Canonical example: Median of a data stream. Max-heap for lower half, min-heap for upper half. Median is either the top of one heap or the average of both tops.
What it tests: Whether you can combine multiple data structures to maintain dynamic invariants.
Pattern 17: K-Way Merge
What it is: Merge K sorted lists or sequences efficiently using a heap.
The signal: “Merge K sorted X.” “Kth smallest in K sorted lists.”
Canonical example: Merge K sorted linked lists. Push the head of each list into a min-heap. Pop the smallest, advance that list, push the next element. Continue until heap is empty.
What it tests: Recognition that K independent sorted structures can be combined with a heap-based approach.
Pattern 18: Cyclic Sort
What it is: Sort an array in place by repeatedly placing each element at its correct index, when array contains numbers in a known range (like 0 to N).
The signal: Array contains numbers from a specific range (e.g., 1 to N). “Find the missing number,” “find duplicates.”
Canonical example: Find all numbers missing from an array containing values 1 to N. Place each number at its correct index. The indices that don’t have the correct number indicate missing values.
What it tests: Whether you recognize when in-place sorting can save space.
Pattern 19: Dynamic Programming (Advanced — 2D)
What it is: Extension of DP where the state space is two-dimensional. Common applications: longest common subsequence, edit distance, matrix path problems.
The signal: Problems involving two sequences or 2D grids with optimization. “Longest common subsequence,” “edit distance,” “minimum path sum in a grid.”
Canonical example: Longest common subsequence. Build a 2D table where dp[i][j] is the LCS length of the first i characters of string A and first j characters of string B.
What it tests: Whether you can extend 1D DP thinking to 2D state spaces.
Pattern 20: Shortest Path Algorithms (Dijkstra, Bellman-Ford)
What it is: Find the shortest path in a weighted graph. Dijkstra for non-negative weights. Bellman-Ford for graphs with negative weights.
The signal: Weighted graph. “Shortest distance,” “minimum cost path.”
Canonical example: Cheapest flights with at most K stops. Modified Dijkstra or Bellman-Ford with a stop constraint.
What it tests: Whether you have the algorithmic depth to handle weighted graphs, which is rare for new grads but appears at the higher end of L4 problem difficulty.
How These Patterns Combine
In real interviews, harder problems often combine two or three patterns.
New grad interviews focus mostly on single-pattern problems, with occasional 2-pattern combinations.
Common combinations new grads encounter:
Sliding window + hash map. Longest substring with at most K distinct characters.
Tree traversal + DP. Maximum path sum in a binary tree.
Binary search + greedy. Capacity to ship packages within D days.
DFS + memoization. Most “number of distinct paths” problems on grids with obstacles.
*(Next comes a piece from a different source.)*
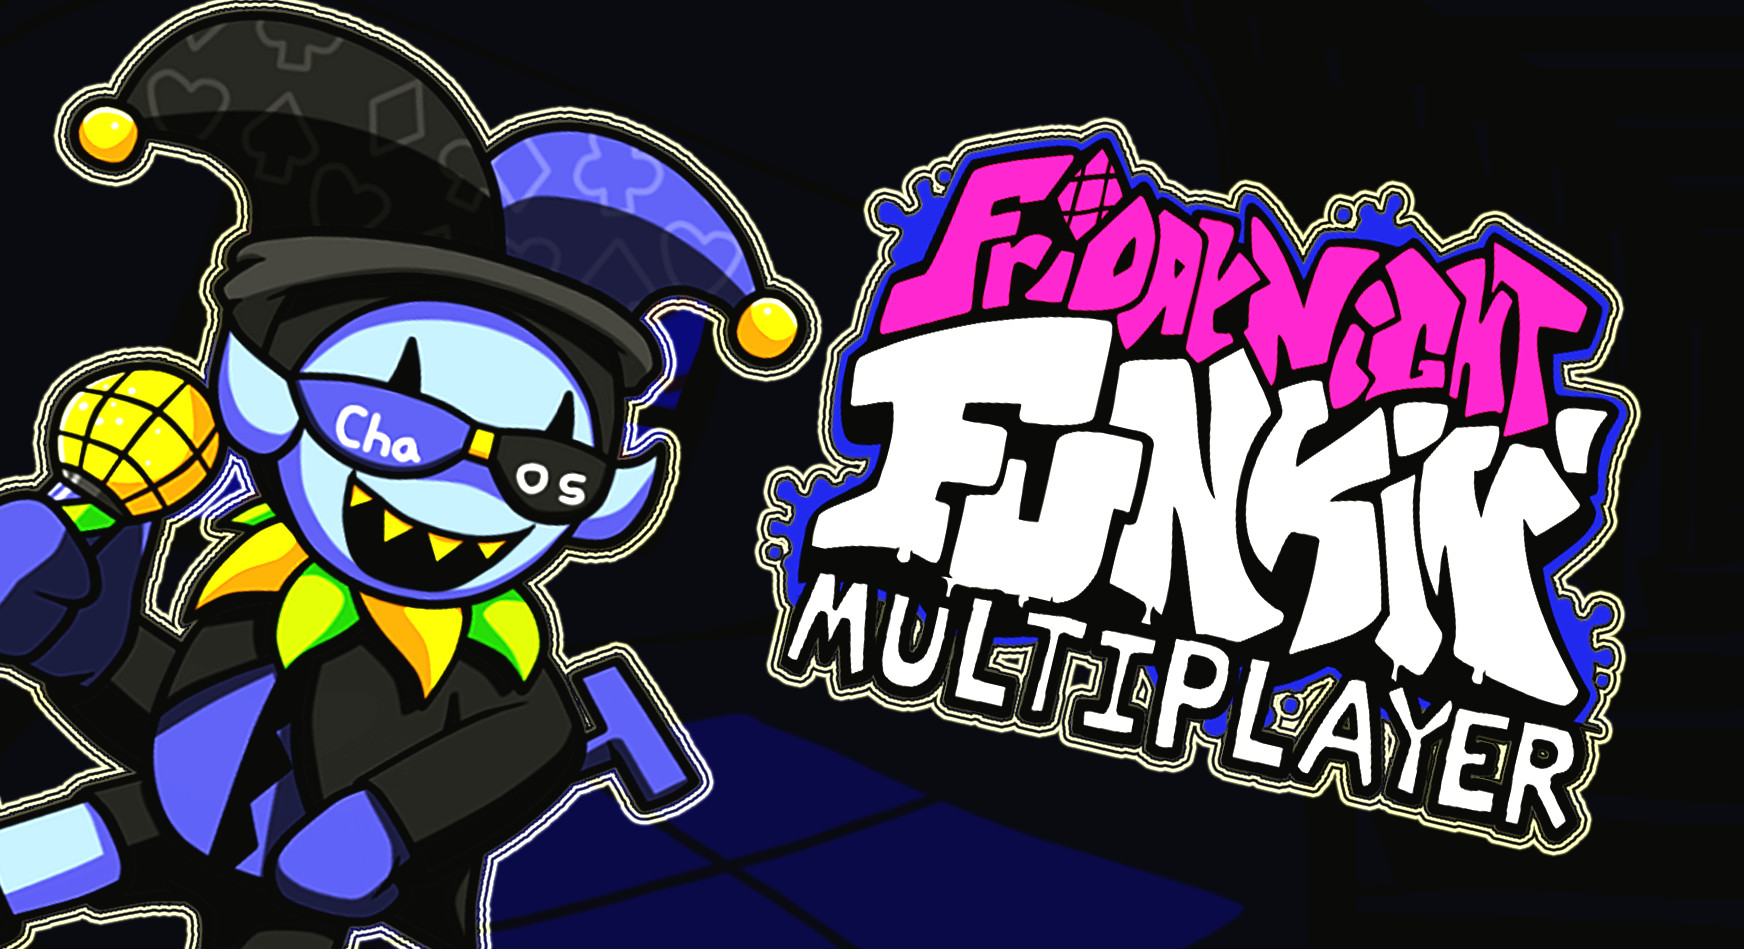 Fnf update. FNF Jevil. Friday Night Funkin Multiplayer. Friday Night Funkin Multiplayer Mod. FNF Mod.
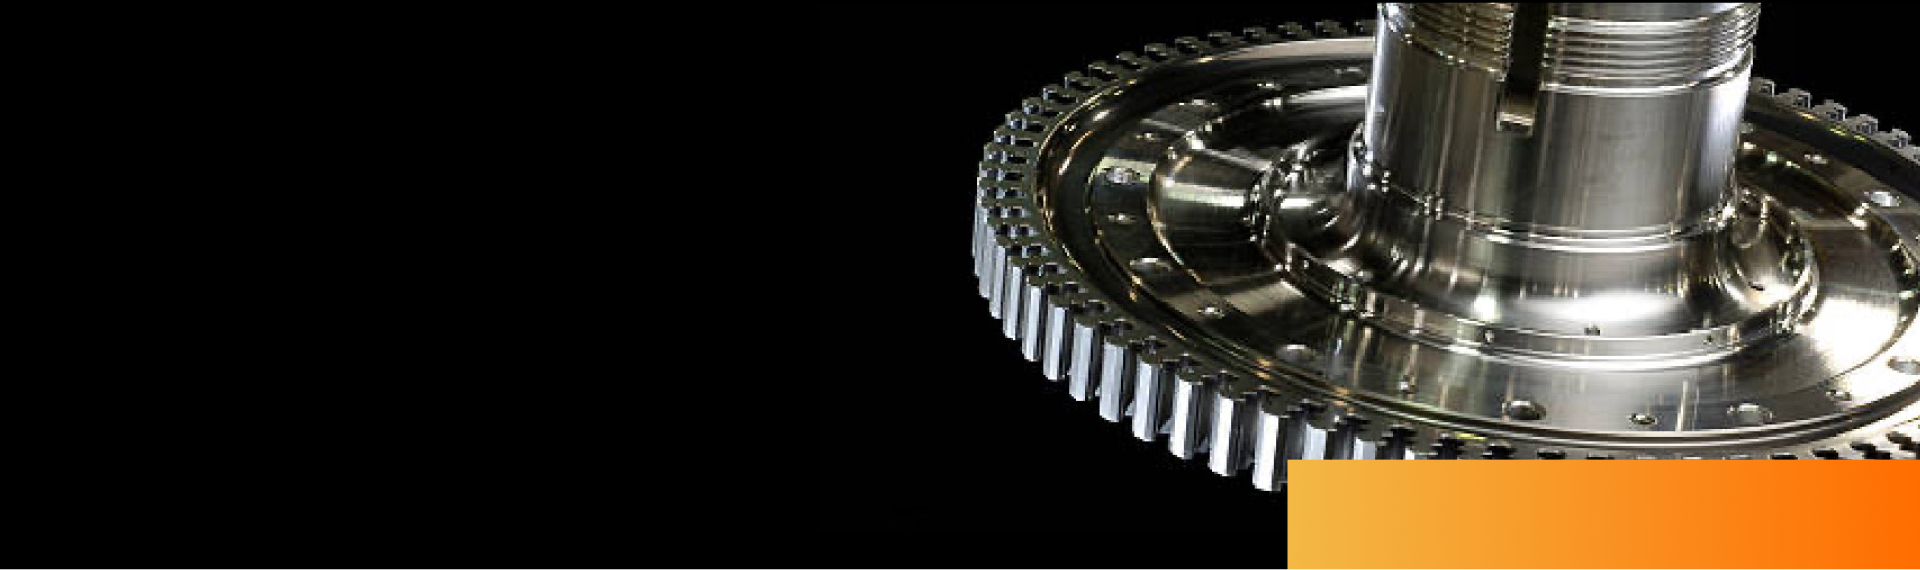 A gear wheel in tool steel

The pattern combinations are not new patterns. They are two patterns from this list, layered together.
If you understand each pattern individually, the combinations come more naturally.
How to Study These Patterns
Three actions to take if you are working through this list during interview prep.
Action 1: Solve 5 to 10 problems per pattern, not 50. Volume per pattern is less important than pattern coverage. A candidate who has solved 10 problems on each of the 20 patterns is better prepared than a candidate who has solved 200 problems all on the top 3 patterns.
Action 2: Annotate each solved problem with the pattern. After solving a problem, write down which pattern (or combination) it used, what the signal in the problem statement was, and what the time and space complexity ended up being. This builds the pattern-recognition reflex.
Action 3: When you encounter a new problem, force yourself to identify the pattern before coding. Even if you are alone. The reflex of pattern recognition under time pressure is what separates candidates who solve unfamiliar problems from candidates who freeze.
The candidates who get FAANG offers in 2026 are not the ones with the most LeetCode problems solved. They are the ones who can pattern-match a new problem within 60 seconds and start solving with confidence.
The 20 patterns above are the alphabet. Solving problems is how you learn to read.